▶ **Exercise details**
A verbatim repetition of the data below is requested, without images.

Information provided START

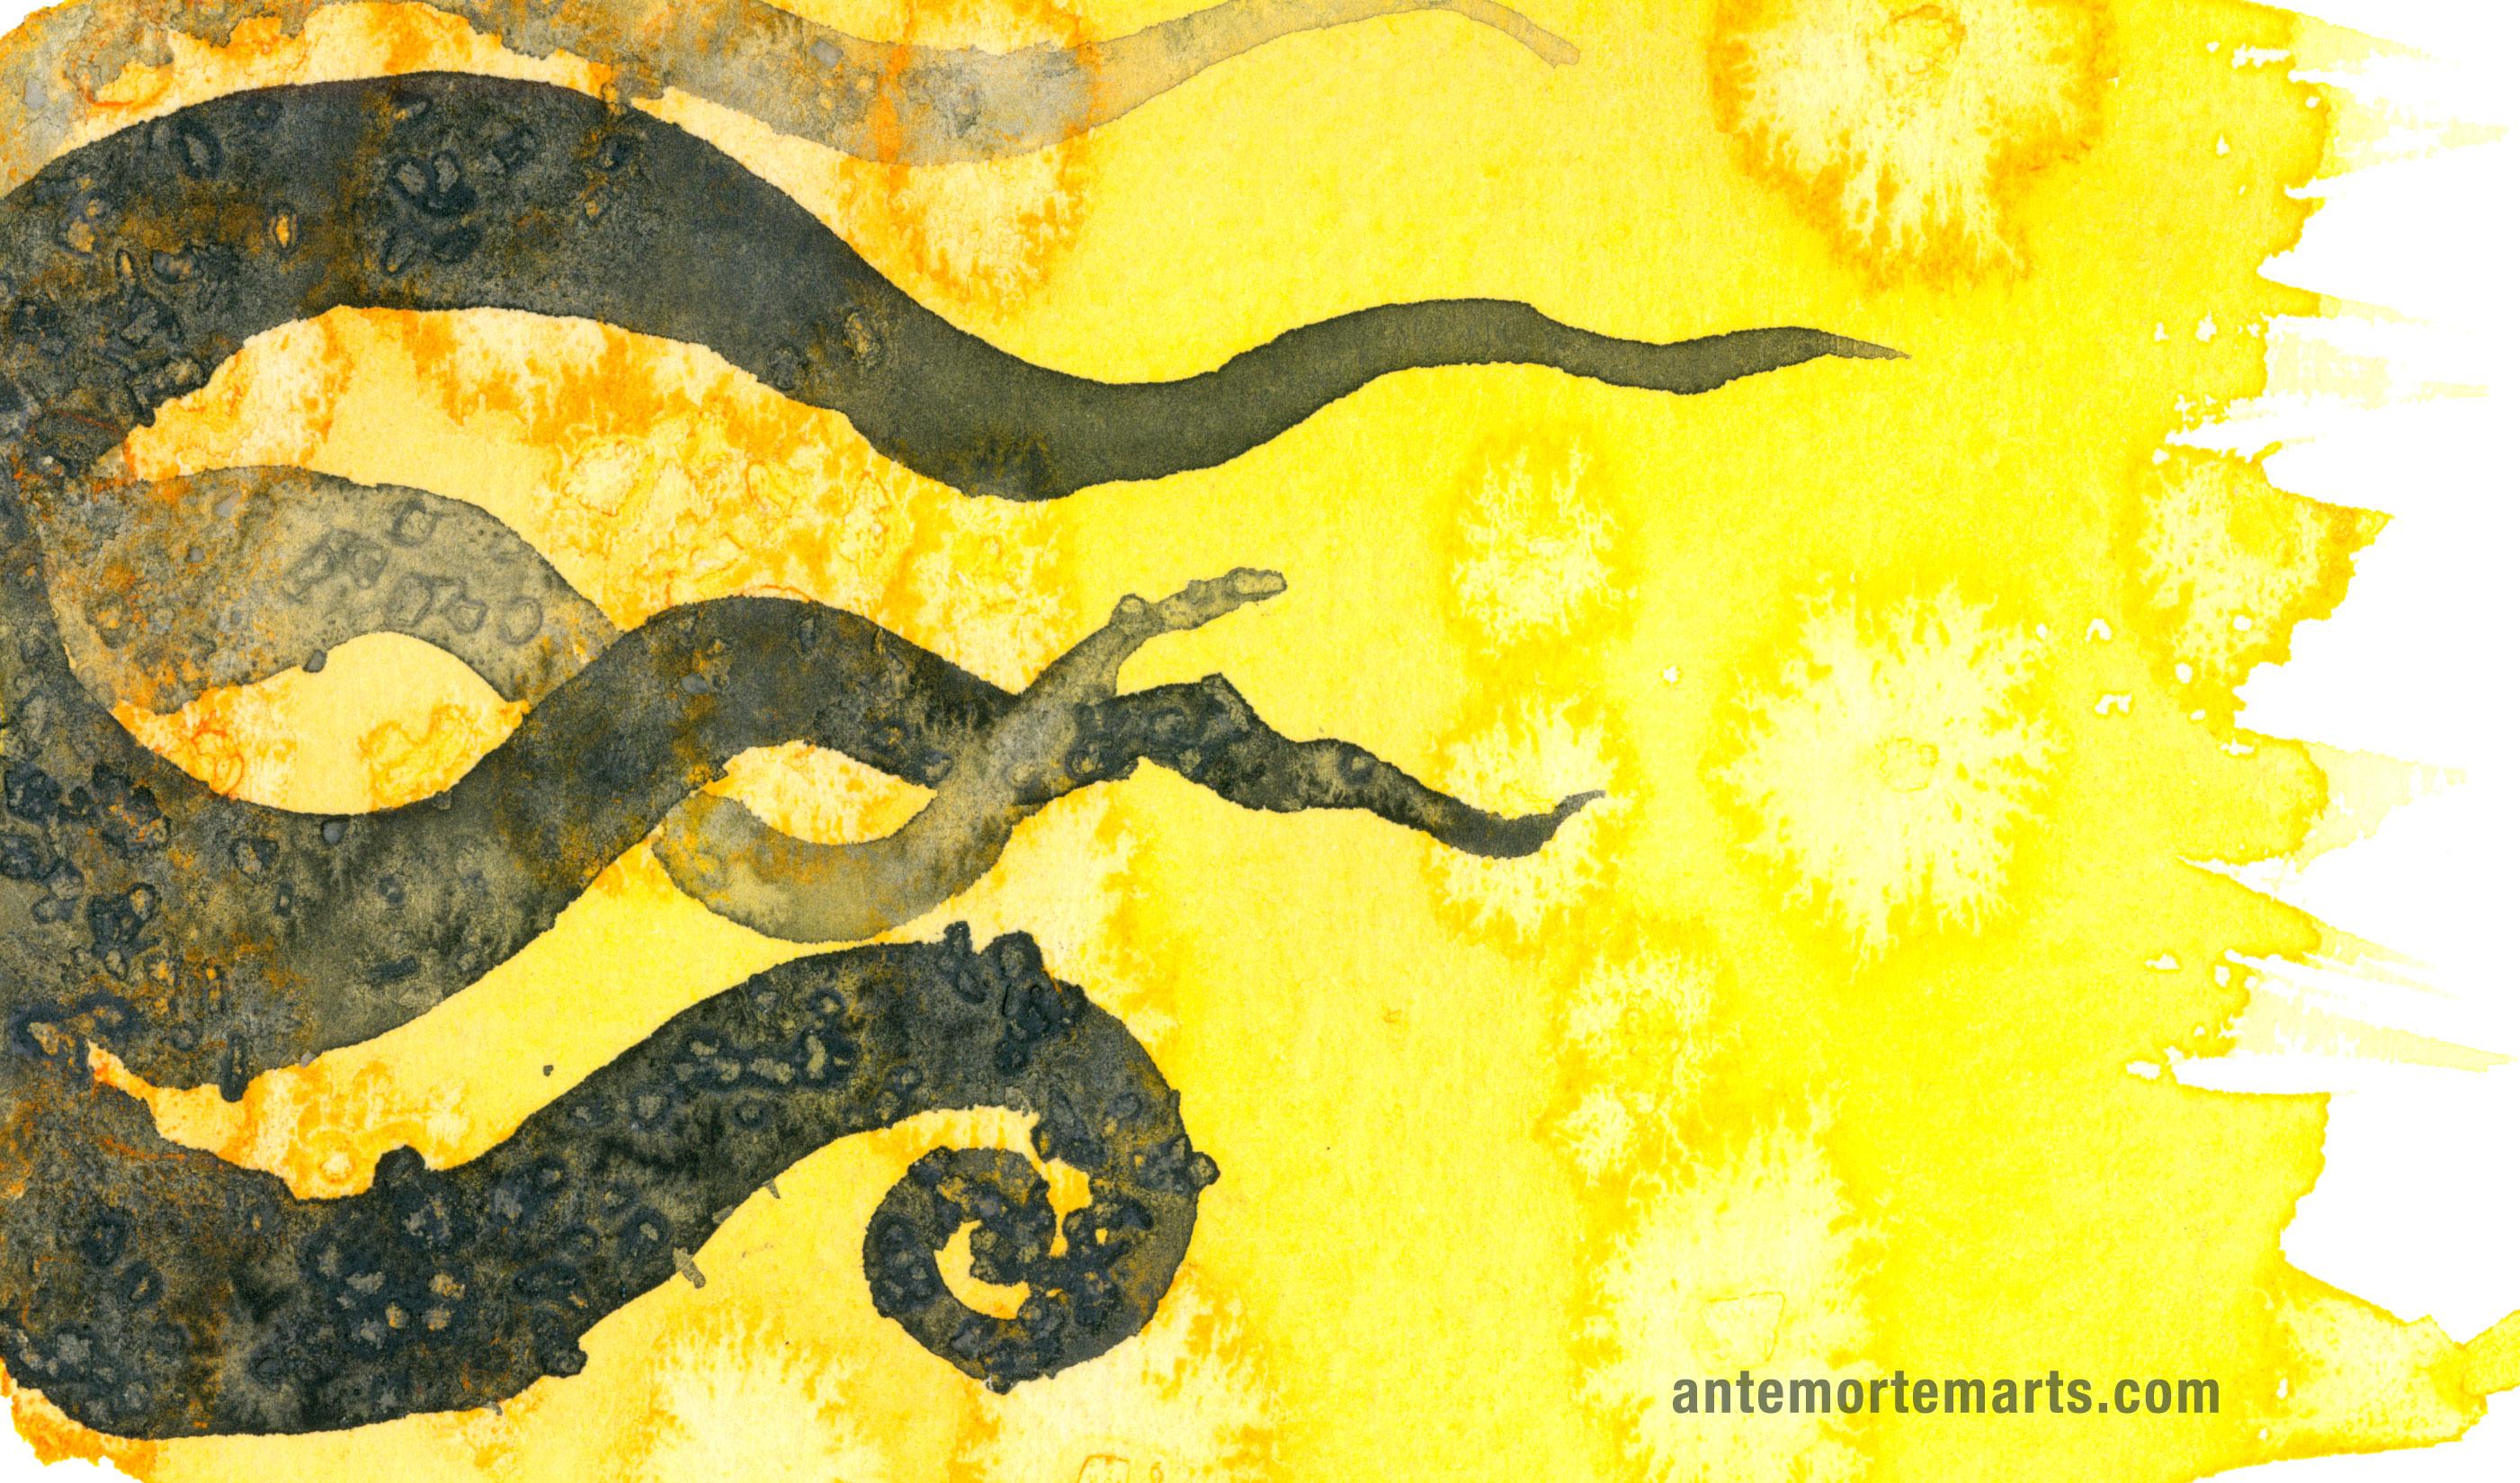 Gold Wallpaper Iphone 4 Tentacle Deeps 9 171 Antemortem Arts Fine Art Amp Custom
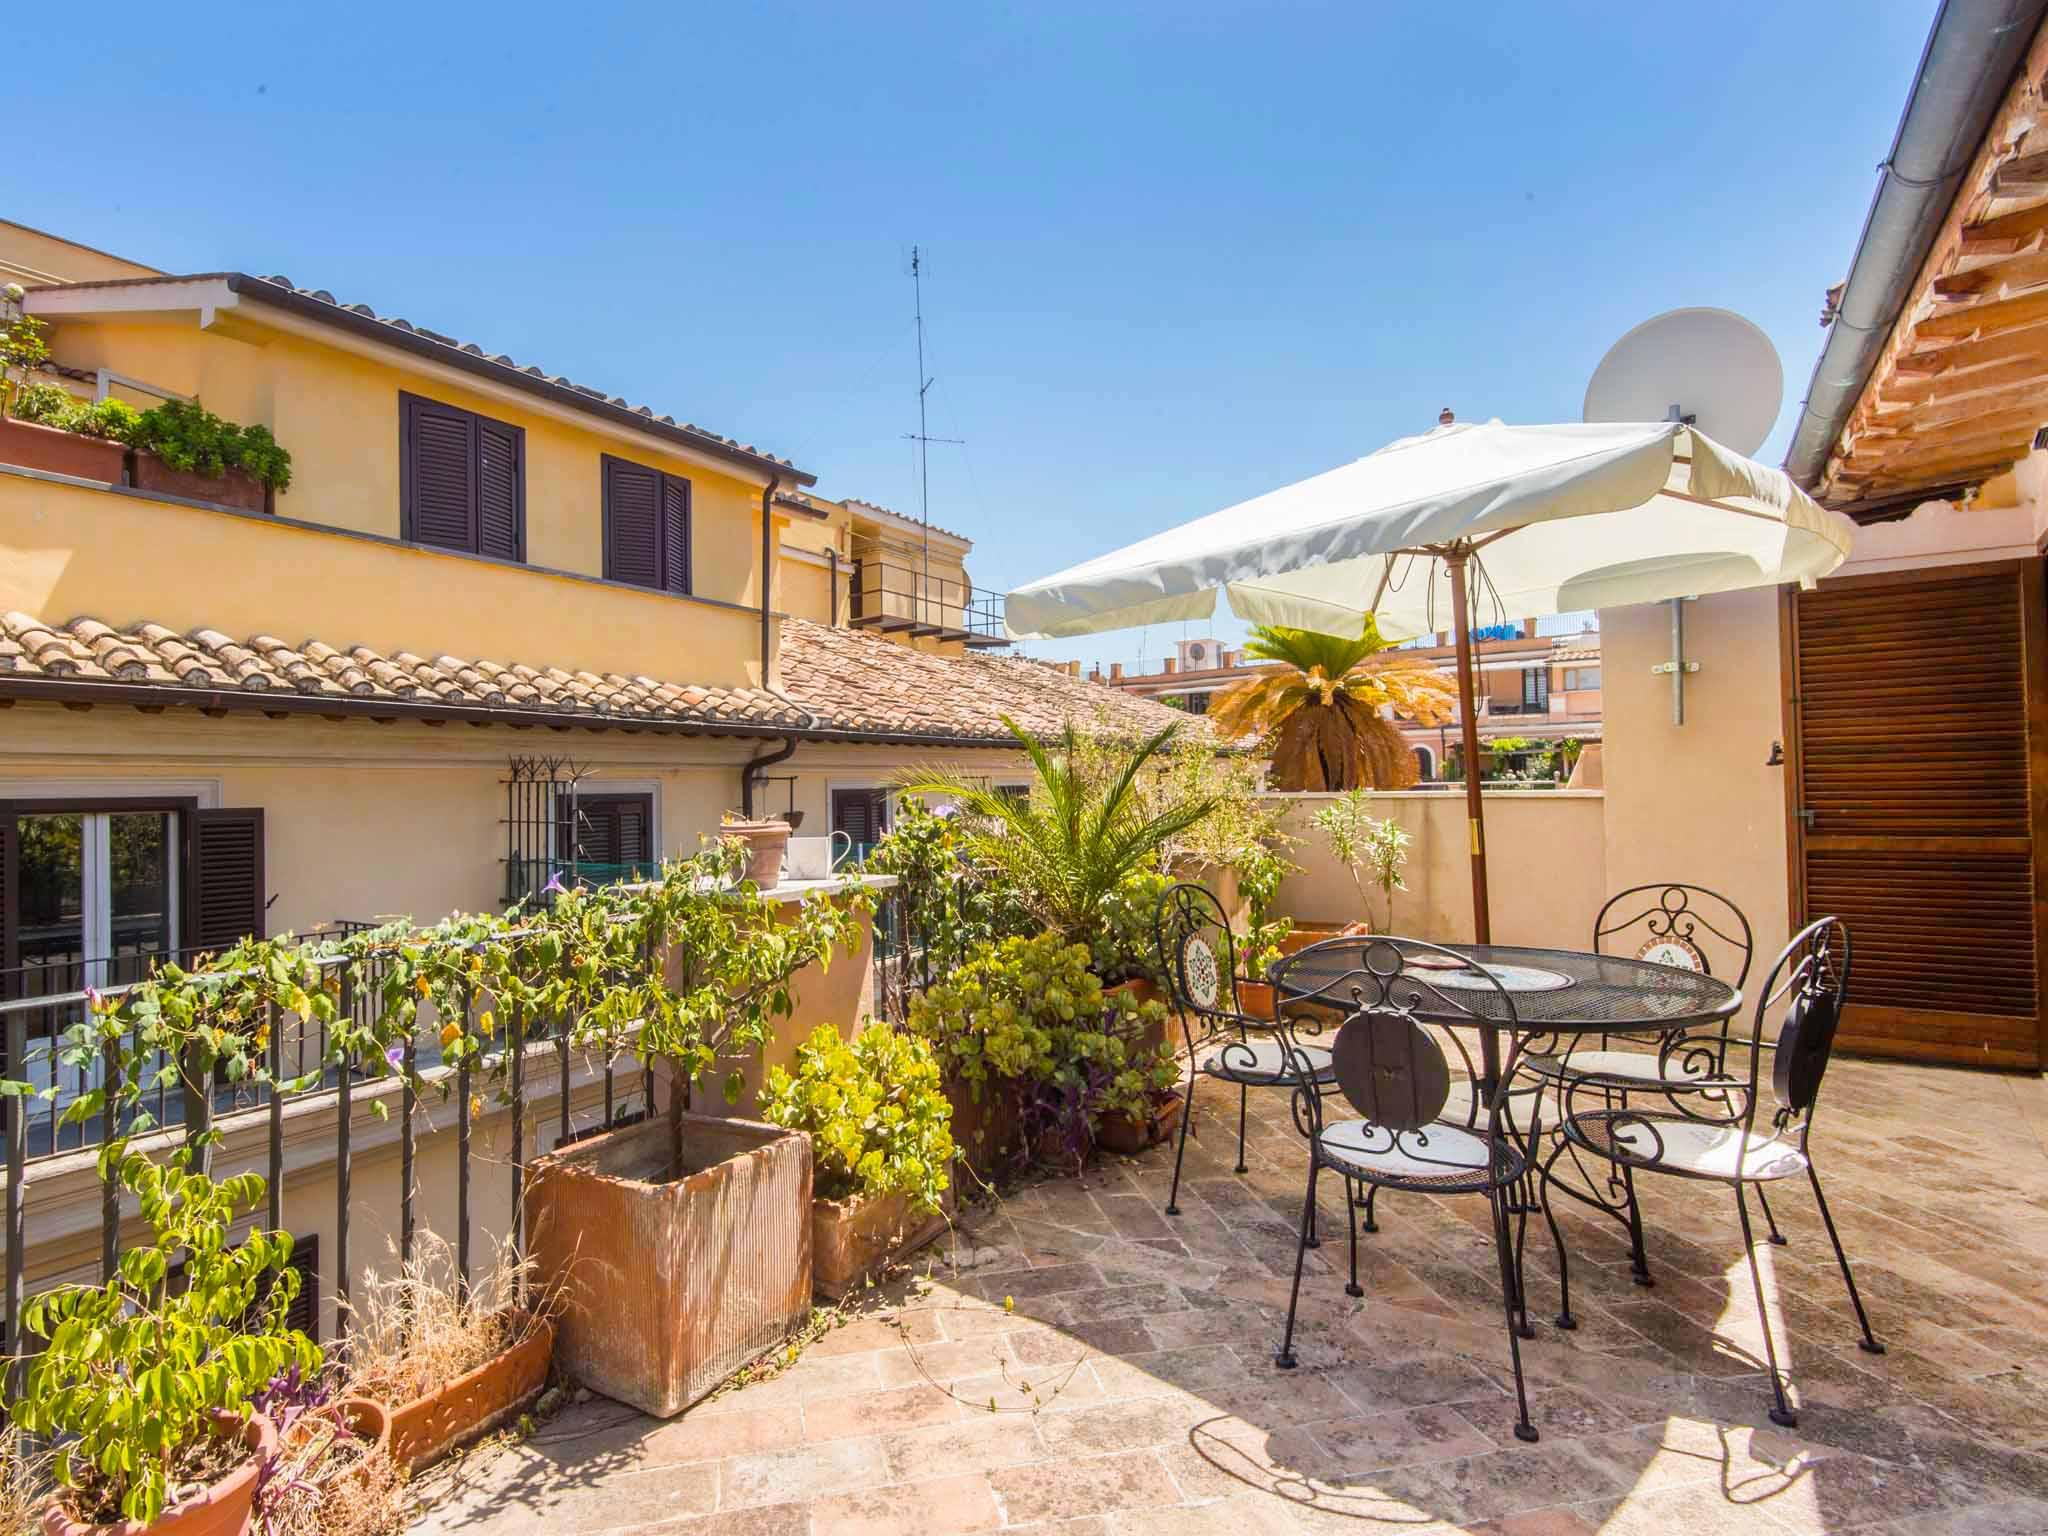 Apartment condotti terrace in rome historical city center for 702 weddings terrace
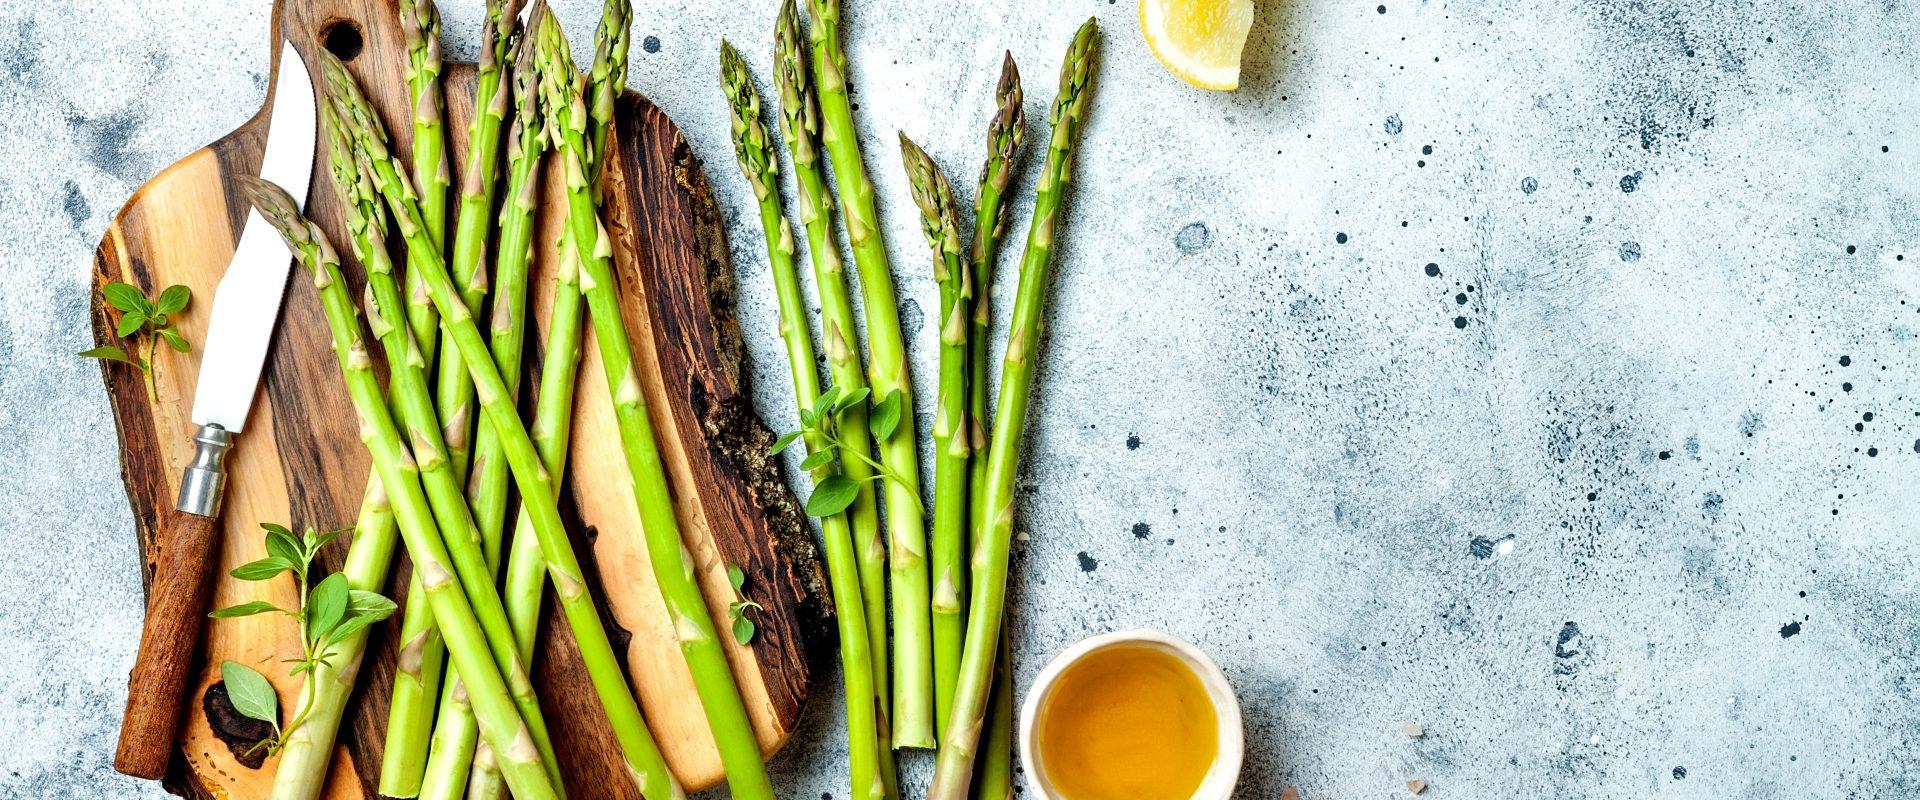 Szparagi dobre na obrzęki - przepis na szparagi.

Information provided END

▶ **Answer box**
 Gold Wallpaper Iphone 4 Tentacle Deeps 9 171 Antemortem Arts Fine Art Amp Custom
 Apartment condotti terrace in rome historical city center for 702 weddings terrace
 Szparagi dobre na obrzęki - przepis na szparagi.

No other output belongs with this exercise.